Die Ortsverwaltung soll bald in die Dorfmitte Holzen umziehen. Für das bald leerstehende Alte Rathaus sucht die Stadt Kandern noch einen Käufer – offen ist, ob der Plan aufgeht.
Seit 2021 hat Holzen eine neue Dorfmitte – und das ist wortwörtlich gemeint. Der Gebäudekomplex „Dorfmitte“ entwickelt sich seitdem schrittweise zu einem zentralen Treffpunkt im Ort. Und das Konzept eines multifunktionalen Begegnungsorts scheint aufzugehen: Ein großer Teil der Veranstaltungen findet inzwischen hier statt. Bei der Hauptversammlung im April zog die Genossenschaft Dorfmitte Holzen eine positive Bilanz. Ein wichtiges Puzzleteil fehlt allerdings noch: der Umzug der Ortsverwaltung.
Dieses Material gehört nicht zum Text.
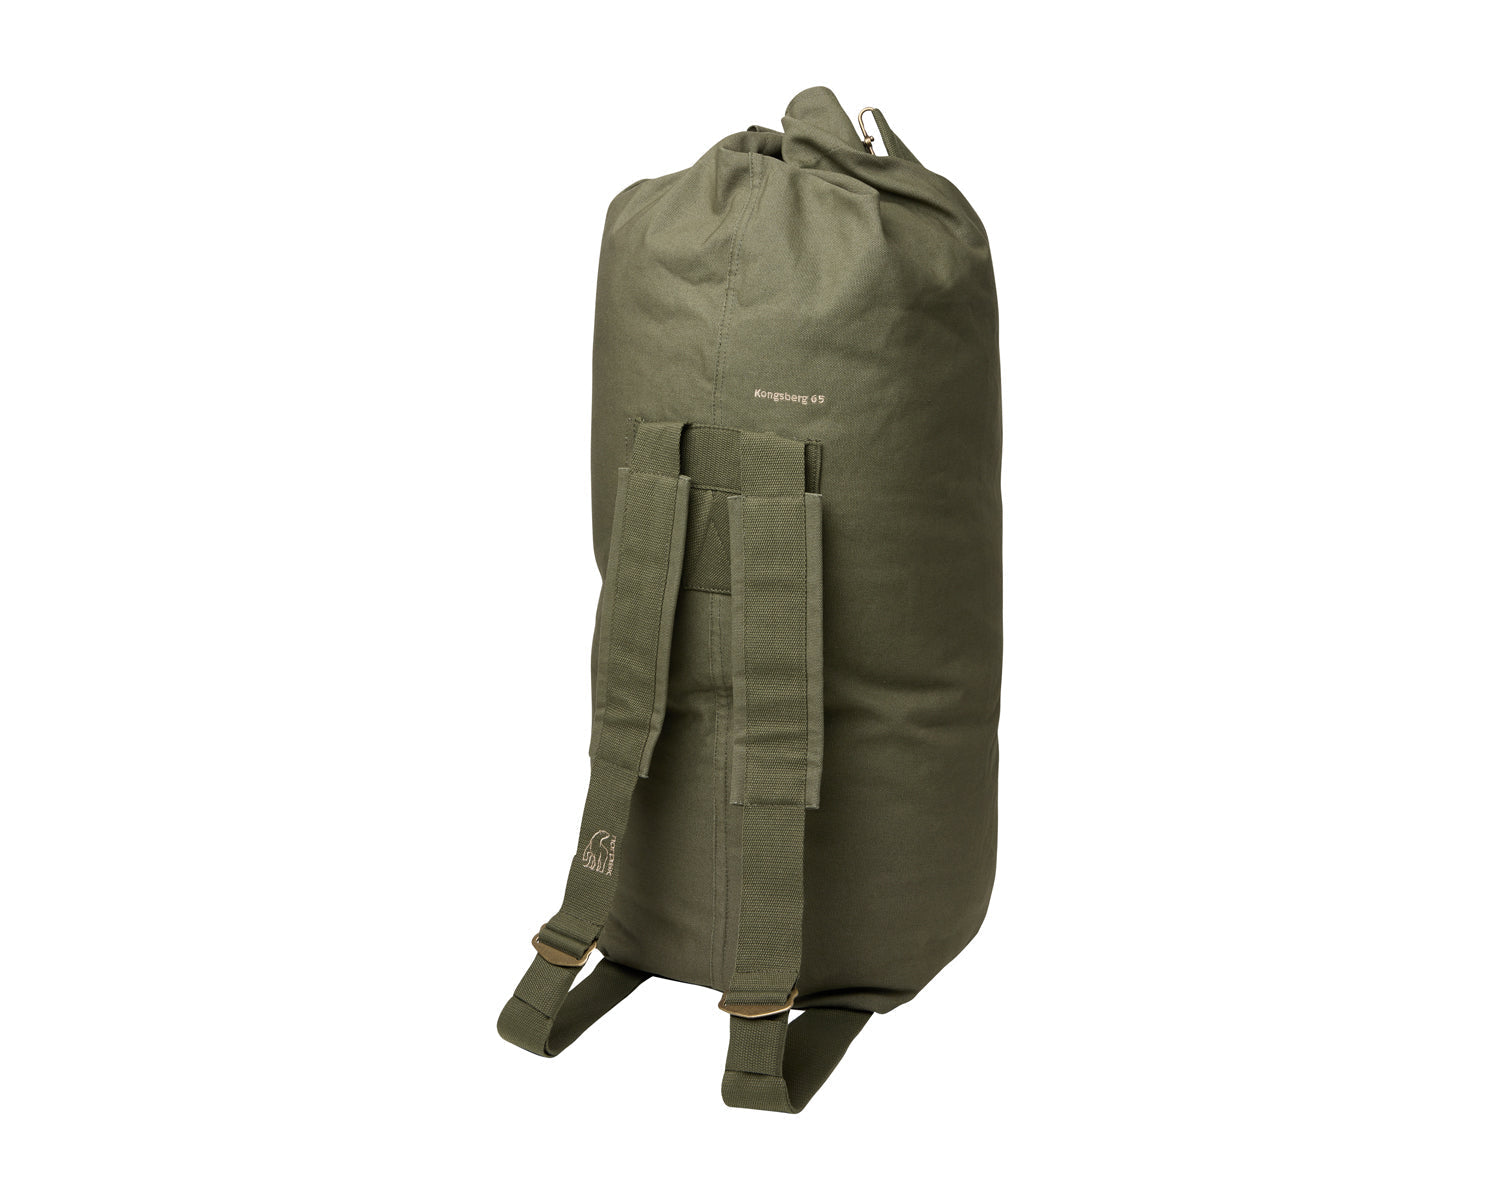 Kongsberg 65 duffel bag - 65 L - Four Leaf Clover

Damit wäre die neue Dorfmitte endgültig im Zentrum des öffentlichen Lebens angekommen. Die Stadt Kandern hat sich für 430.000 Euro in die Genossenschaft eingekauft, um die Ortsverwaltung in der Dorfmitte unterzubringen. Bereits im Februar war der notarielle Vertrag mit der Stadt abgeschlossen worden. Jetzt, im Mai, soll das Geld an die Genossenschaft überwiesen werden.
Was wird aus dem Rathaus?
Zurück bleibt dann das Alte Rathaus. Noch werde es von der Verwaltung genutzt, deshalb stehe der genaue Umzugstermin noch nicht fest, teilte Kanderns Bürgermeisterin Simone Penner unserer Redaktion mit. In den nächsten Monaten solle es aber soweit sein, die Vorbereitungen liefen bereits auf Hochtouren.Eine neue Verwendung für das Rathaus gibt es auf Verwaltungsebene nicht. Außerdem braucht die Stadt Einnahmen – im Gedankenspiel um die Verlagerung der Ortsverwaltung spielen die städtischen Gebäude, die nicht mehr gebraucht werden, eine zentrale Rolle. Dazu zählt auch das alte Schulhaus. Der Gemeinderat hatte in der Vergangenheit gefordert, die Gegenfinanzierung des Umzugs durch den Verkauf bestehender städtischer Gebäude zu sichern.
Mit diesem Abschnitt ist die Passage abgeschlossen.